Chinese officials are blaming speculators for soaring property prices and are vowing to build 36 million affordable homes over the next five years. There are already widespread concerns about China's booming property market and the threat it poses to the country's expanding economy.
China would spend $200 billion on an affordable homes and social housing scheme, said deputy housing minister Qi Ji in Beijing on Thursday.
The authorities have taken various steps to dampen the property market. These include raising interest rates, increasing the downpayment required on second homes and restricting the rights of foreigners to buy property. Two Chinese cities are now imposing sales tax on property deals.
While the measures have slowed growth, many fear it remains too high. In March 2010, urban housing prices shot up by 11.7% year-on-year, according to figures from the national bureau of statistics. December saw the lowest increase in more than a year, but it still stood at 6.4%.
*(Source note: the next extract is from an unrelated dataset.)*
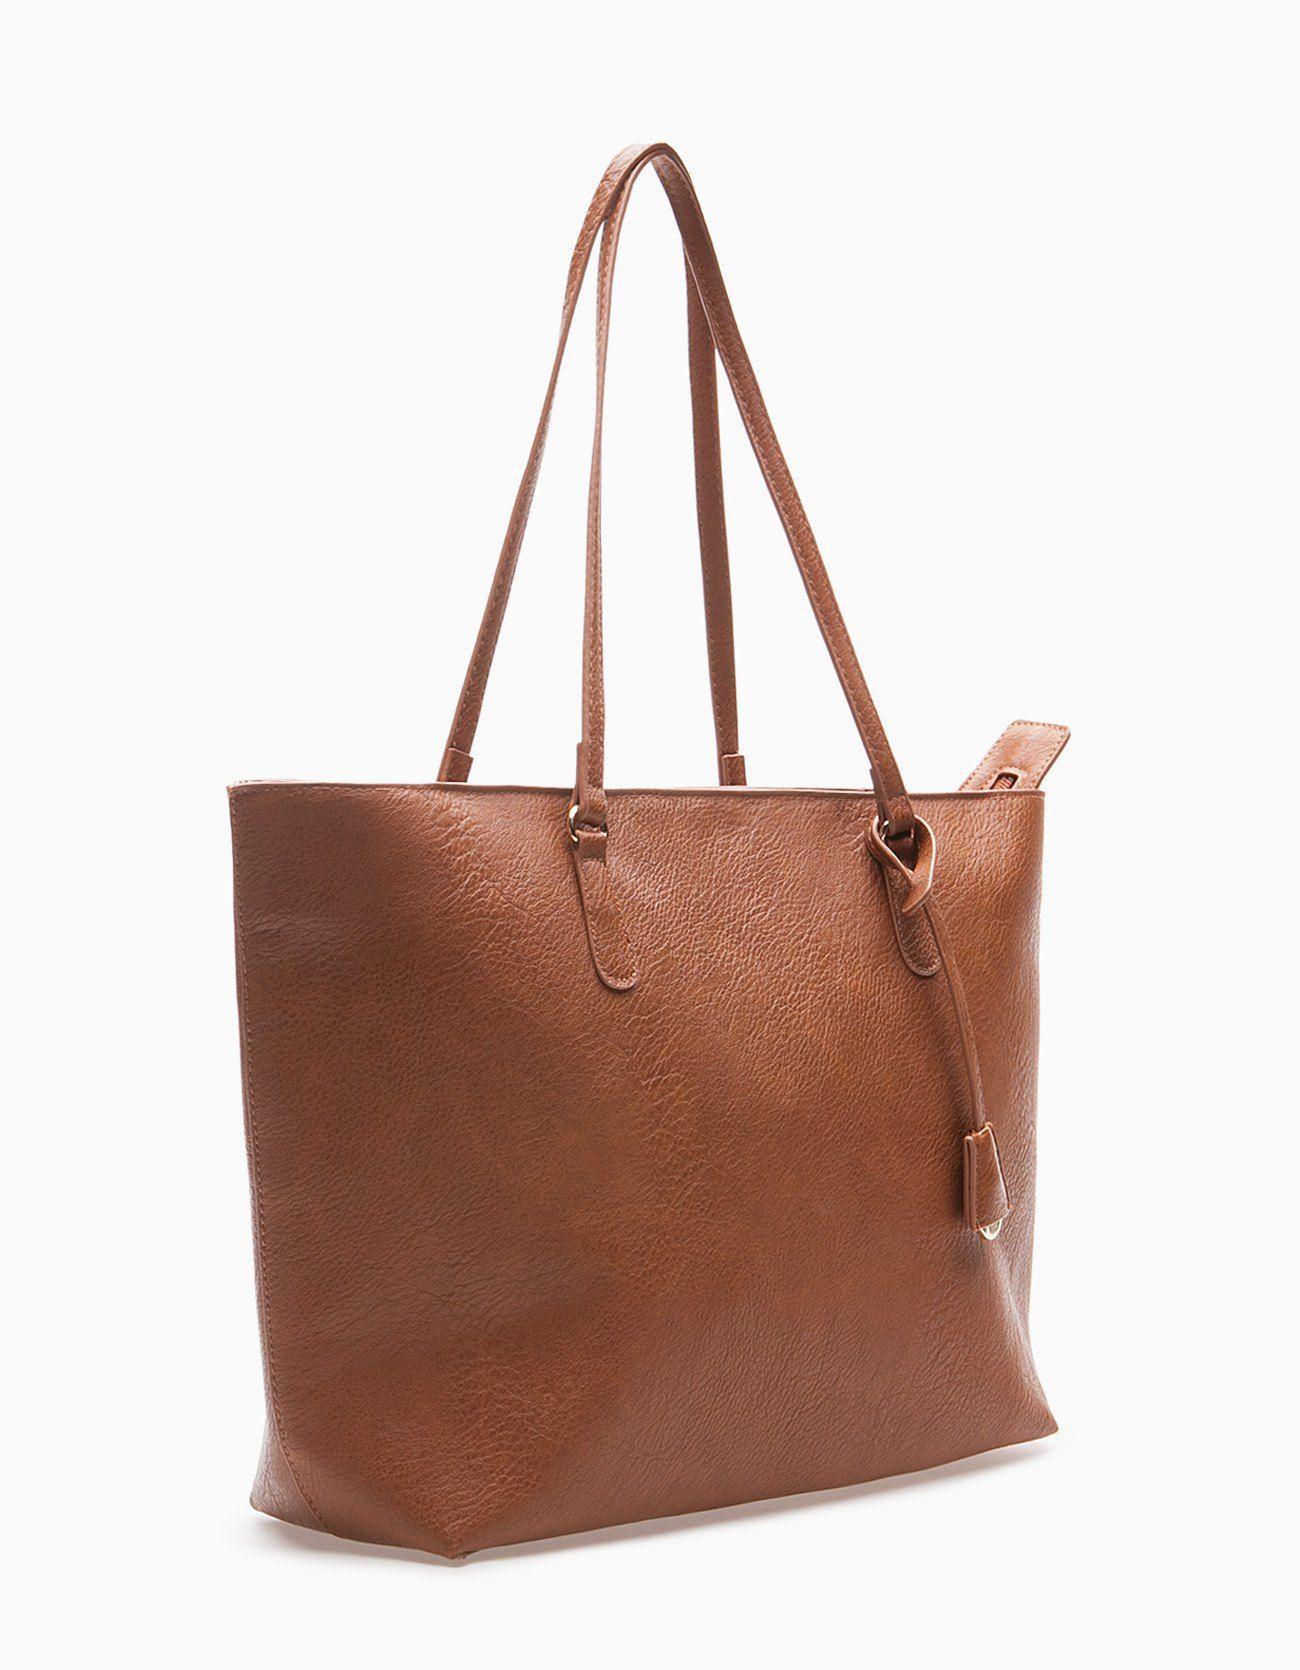 7526082d6 Bolso shopper - BOLSOS - MUJER | Stradivarius Panamá | Bags en 2019 ...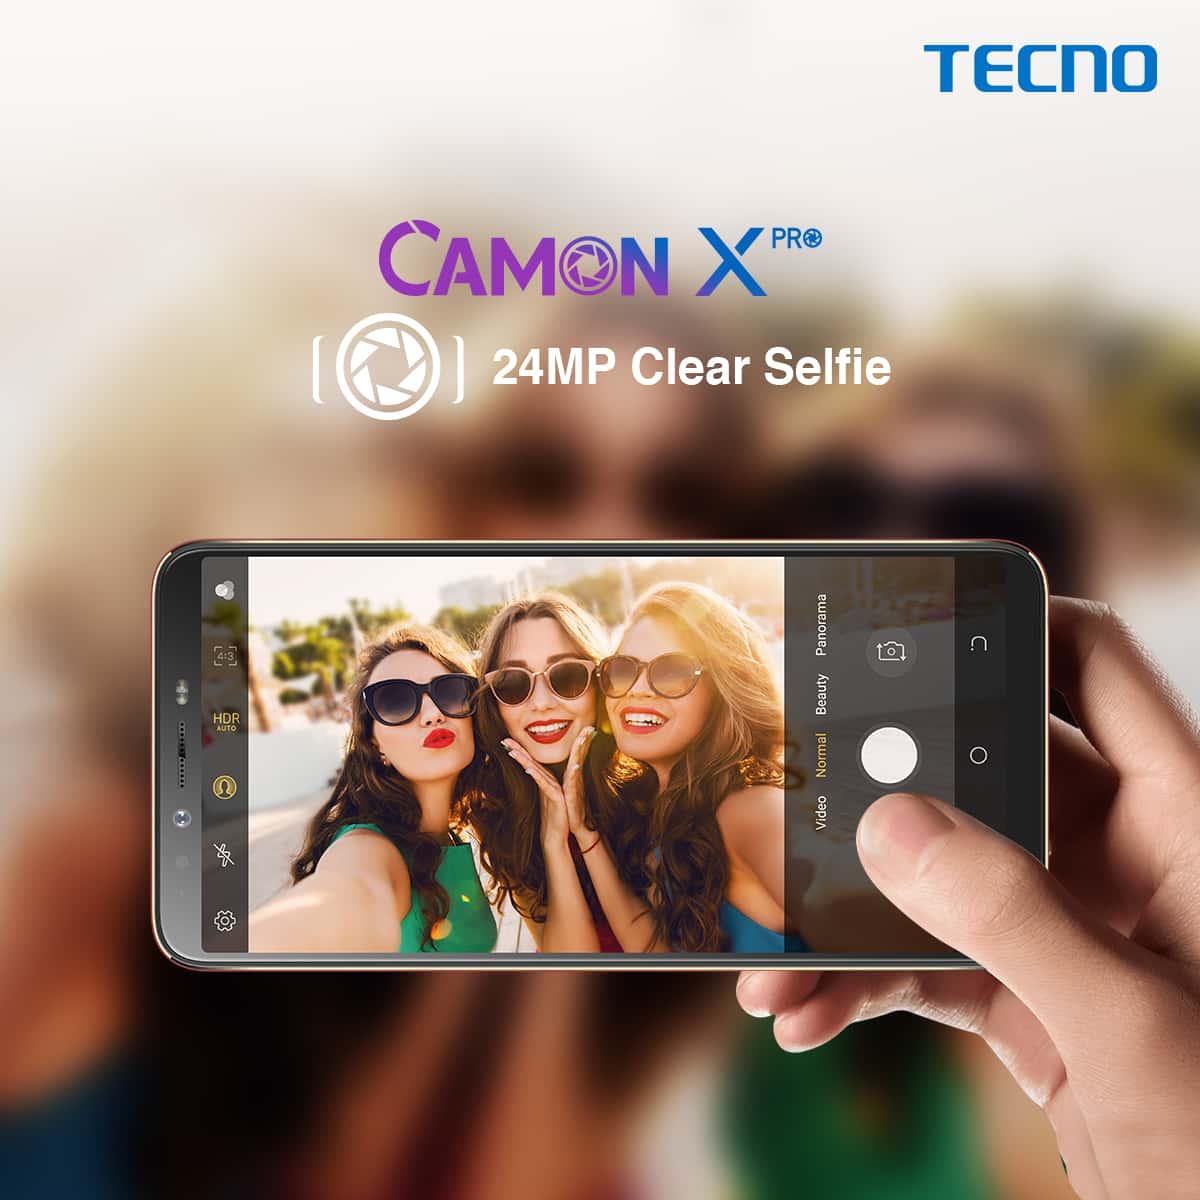 TECNO Camon X Pro 4GB RAM 64GB 4G 24MP Selfie & 16MP Main Camera 3750mAh  Duos

Bears on the financial markets have long warned that China is in the grip of a property bubble, predicting that when it bursts it could knock the economy off course and hamper the global recovery.
More than a year ago, hedge fund king Jim Chanos described the sector as "Dubai times 1,000 - or worse". Though few see it in quite such apocalyptic terms, many echo his concern. Others suggest the situation is controllable, pointing to Beijing's careful monitoring of the situation.
"It won't be easy for prices to fall in the near future, but the bubble will break eventually," said Yi Xianrong, a real estate researcher at the Chinese Academy of Social Sciences.